*** Opening RECORDS FOR THIS TASK ***

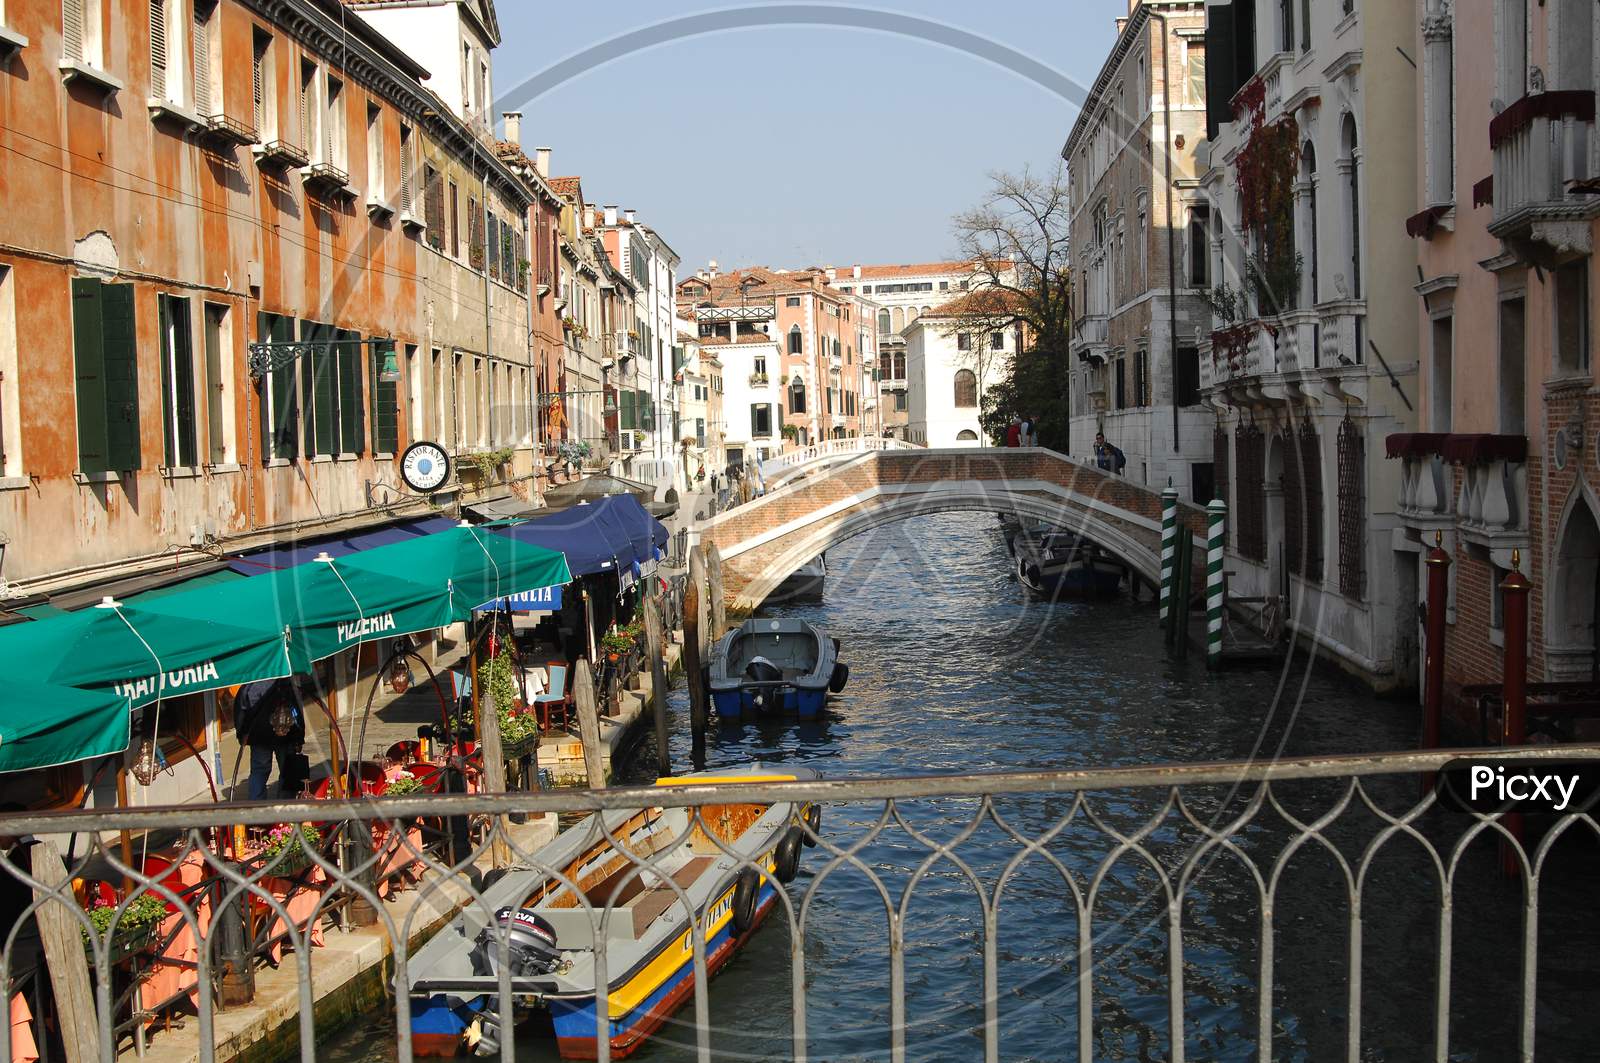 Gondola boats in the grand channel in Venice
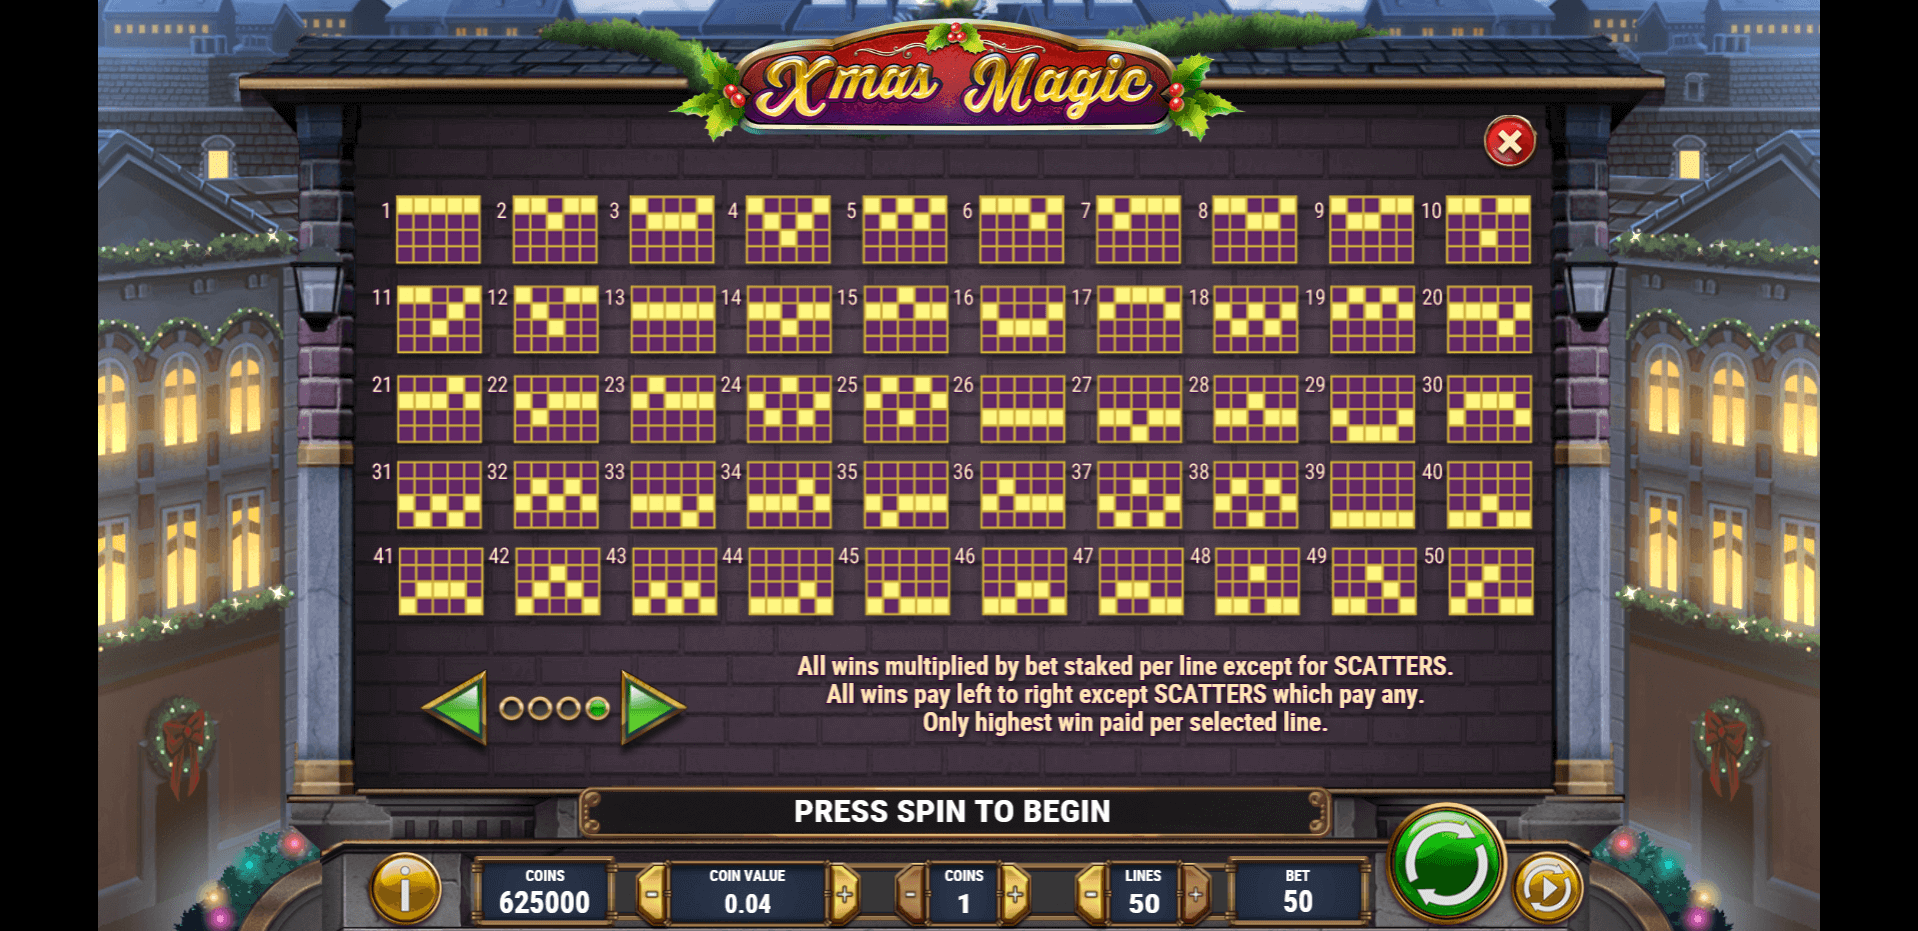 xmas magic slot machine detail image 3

*** Closing RECORDS FOR THIS TASK ***
*** Opening RECORDS FOR THIS TASK ***

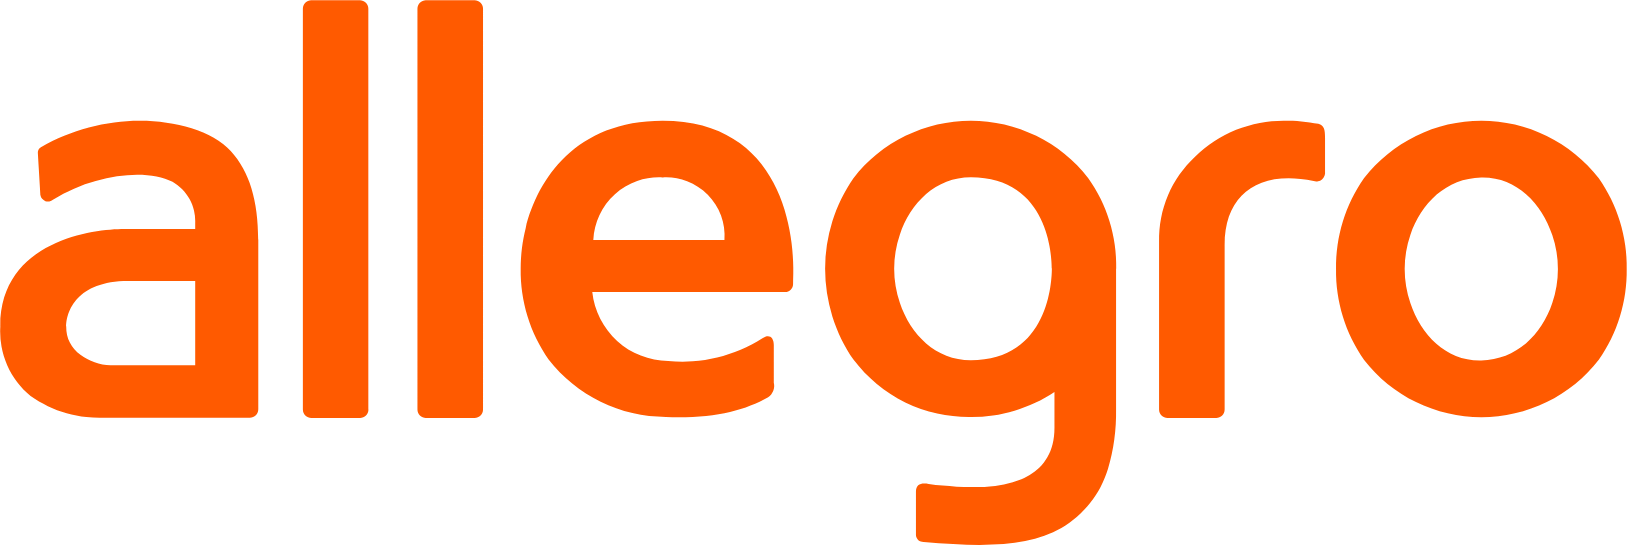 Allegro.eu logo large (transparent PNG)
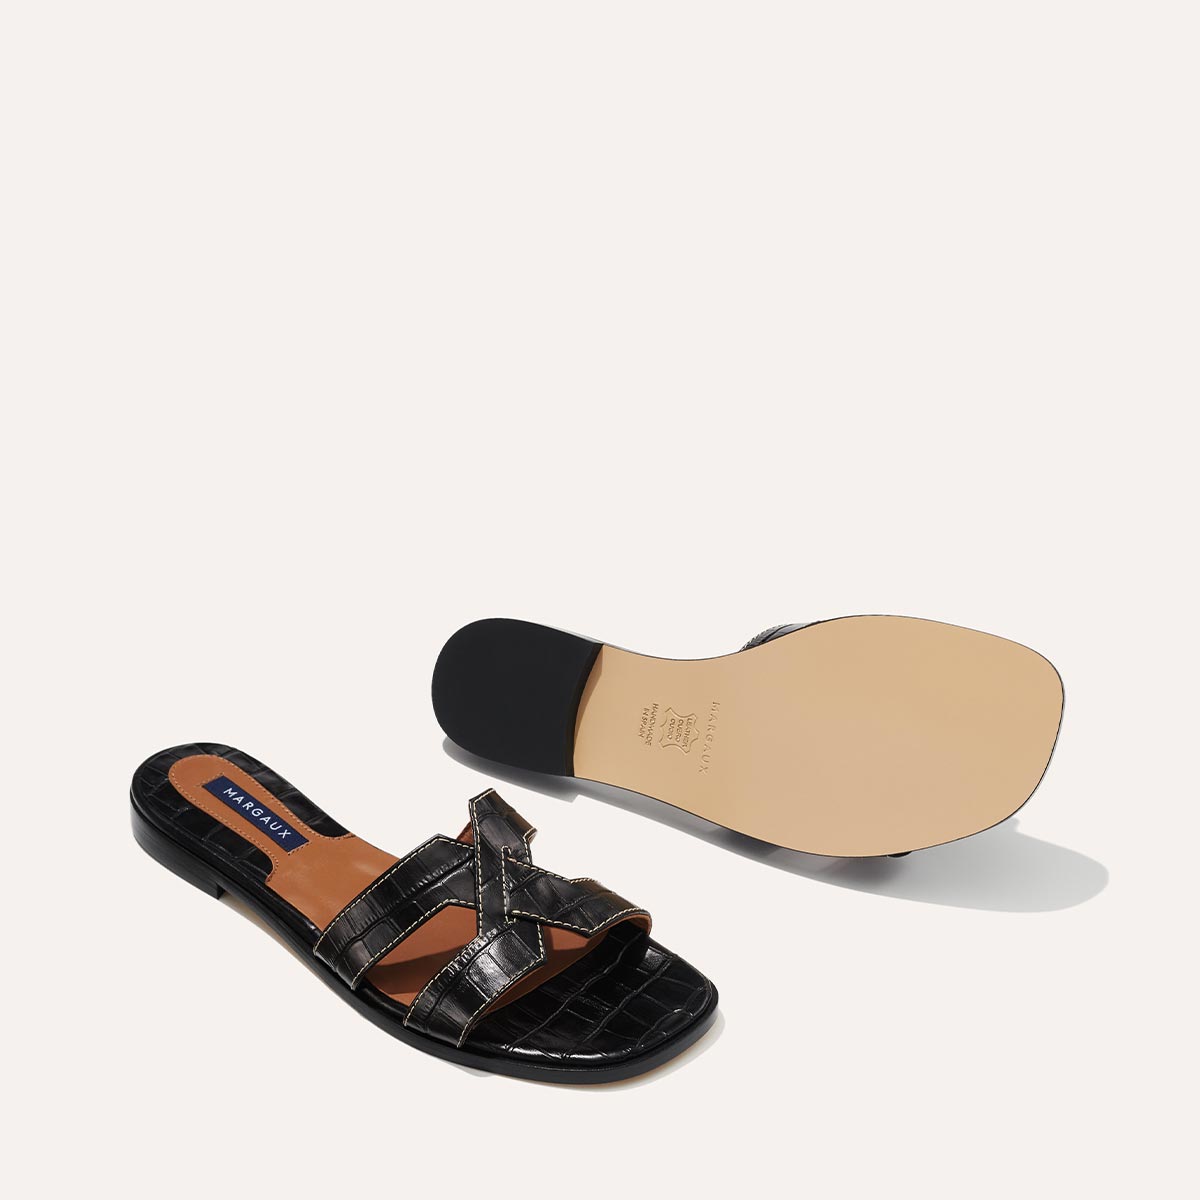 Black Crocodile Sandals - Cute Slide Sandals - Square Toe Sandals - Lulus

*** Closing RECORDS FOR THIS TASK ***
*** Opening RECORDS FOR THIS TASK ***

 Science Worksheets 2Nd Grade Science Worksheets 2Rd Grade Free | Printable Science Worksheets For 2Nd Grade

*** Closing RECORDS FOR THIS TASK ***

GOAL OF THE EXERCISE ▸ Write back word for word every line in the entries above from the one with "Gondola boats in the grand channel in Venice" to the one with "xmas magic slot machine detail image 3", ends included, and none of the pictures.

ANSWER AREA ▸
 Gondola boats in the grand channel in Venice
 xmas magic slot machine detail image 3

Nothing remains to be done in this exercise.